While including visuals of the sublime landscape, hostile terrain and open roads that have long been associated with New Zealand cinema, Waititi also gives us a Māori film rich in culture and beautiful hues of colour via a nostalgic trip to the eighties. The absentee father within a Māori family is just one of the thematic links Boy has to Once Were Warriors (1994) and Whale Rider (2002), however, here the comedy and pathos, drama and fantasy is – as one has come to expect following Eagle vs. Shark (2007), What We Do in the Shadows (2014) and Hunt for the Wilderpeople (2016) – charmingly measured.

Rolleston is wonderful in the titular role, however, one can’t help but fall in love with the largely mute and thoughtful, cape-wearing Rocky as both boys shine in this endearing and magical coming-of-age drama. Waititi is equally adorable as the misunderstood big boy of the trio, Alamein, a man who has yet to truly face his responsibilities or fully embrace adulthood but whose little men will help him pull his socks up. Boy is a big-hearted film – possibly even Waititi’s finest – poignant, funny, an effortless joy. Oh, and that Haka hybrid is genius.

Film Festival Review

Review: Beasts of the Southern Wild (Dir. Benh Zeitlin, 2012)

LFF 2012

“Once there was a Hushpuppy and she lived with her daddy in The Bathtub…”

Hushpuppy (Quvenzhané Wallis) is six years old and the narrator throughout this fabled, fantasy drama. She lives, albeit in a separate abode, with her father Wink (Dwight Henry) in a marginalised area far beyond the levee walls in the Louisiana bayou. She is a ferocious little girl who spends her time yearning to be reunited with her absentee mother and listening to the heartbeats of the creatures around her. The Bathtub is a society largely separated by the necessities for consumerism and while the small close-knit community has little in the way of possessions or stable housing, they are happy living apart from the rest of the world; scavenging, socialising and surviving. Hushpuppy is schooled in lessons of self-sufficiency and encouraged to believe that everything and everyone is connected in the universe. Through the eyes of this feisty little character the viewer sees the effects of global warming as indicative of the resurfacing of a large mythical creature called an auroch and Hushpuppy’s adolescent reconciliation with what will try and, essentially, destroy her delta home.

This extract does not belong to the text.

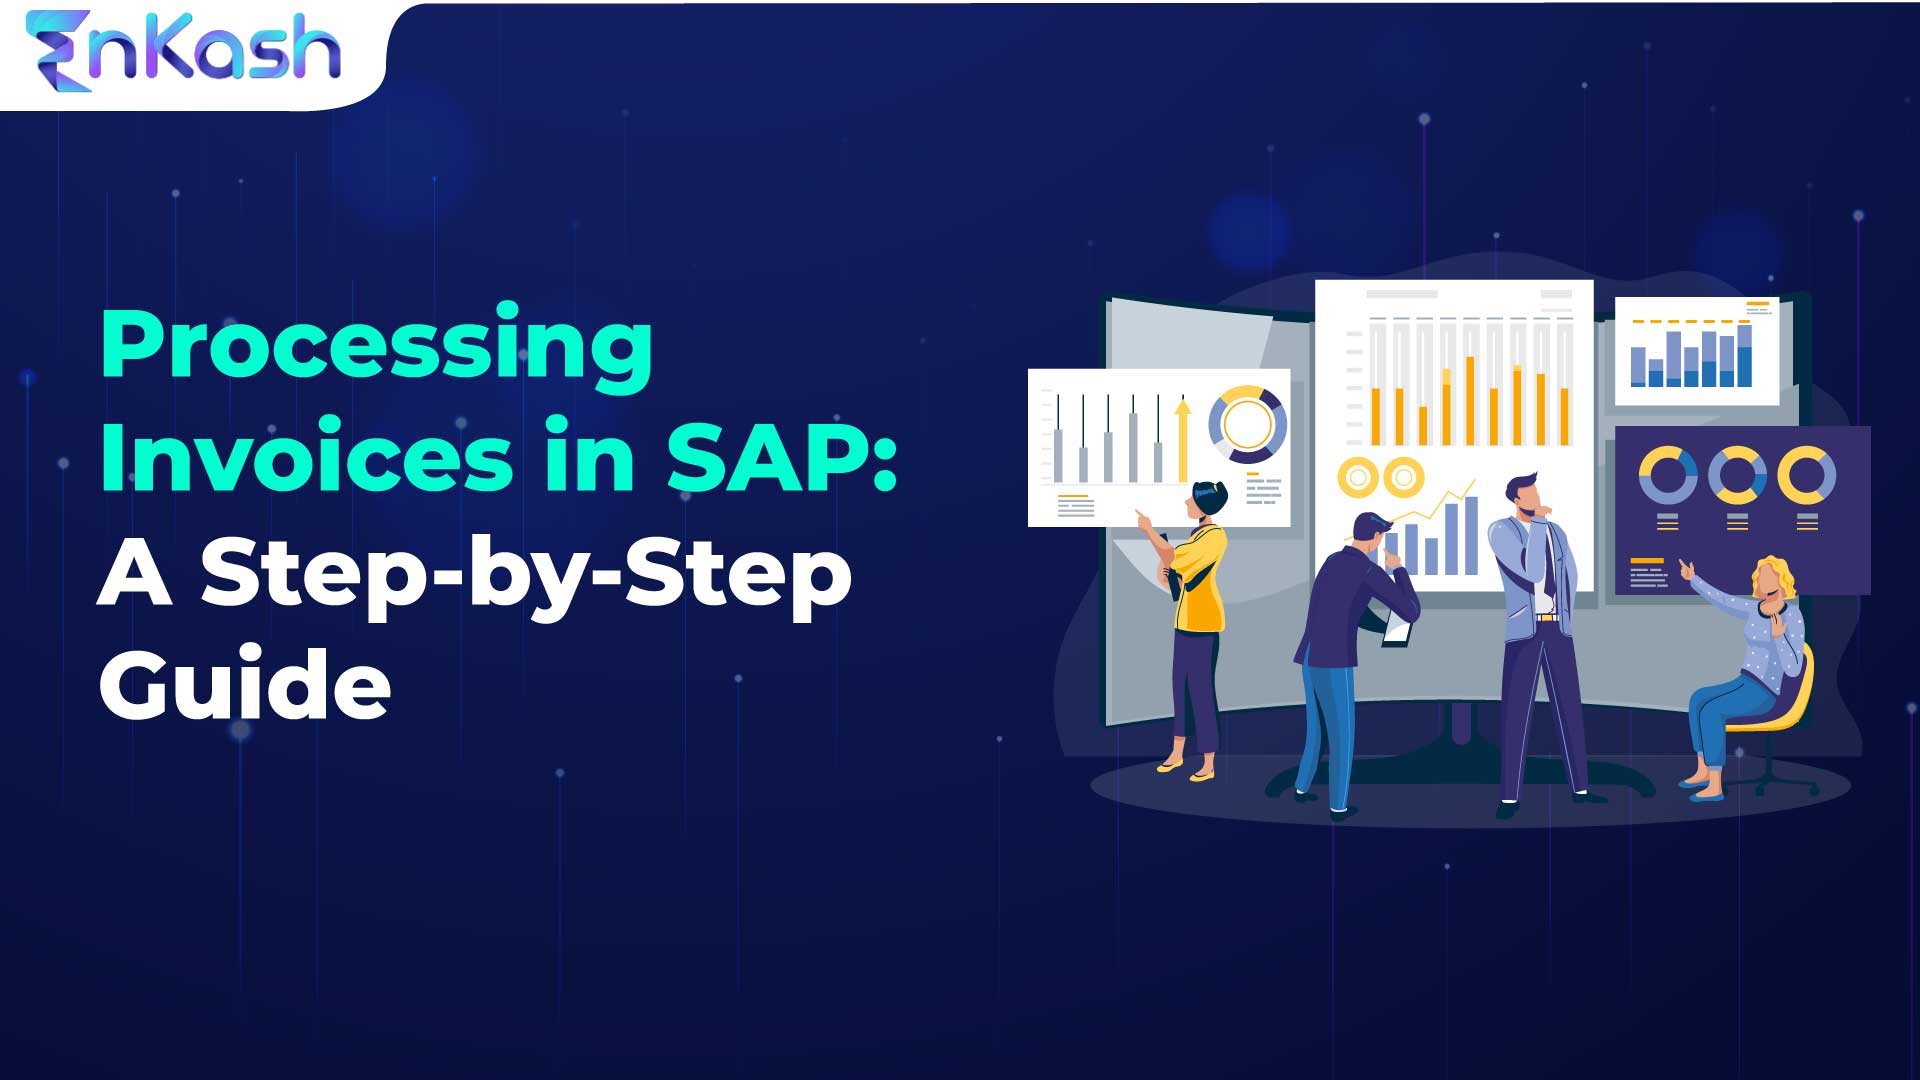 Processing Invoices in SAP: A Step-by-Step Guide

Beast of the Southern Wild, based upon the play by Lucy Alibar, is a wonderfully made low-budget feature which highlights and embraces the metaphysical imagination of a child amid the harsh realities of a world before and in the wake of a connoted Hurricane Katrina. Hushpuppy, played by non-professional Wallis is unruly and yet balances moments of naiveté beautifully, her father’s tough love approach is, at times, cruel but his motives are clear – he needs his “boss lady” to survive and thrive beyond his lifetime; he wants her to face the world with fierce stoicism and strength and not need to rely upon anybody. Her gritty gumption is both heartbreaking and life affirming in equal measure. While some cynics will read this film as shot through an ideological lens it is an unpretentious rendering of magical realism and serves as modern fairy tale weighted in pathos. It delivers a sensory impact to the audience, boasting gritty and picturesque images via Ben Richardson’s cinematography and a majestic score courtesy of director Zeitlin and composer Dan Romer.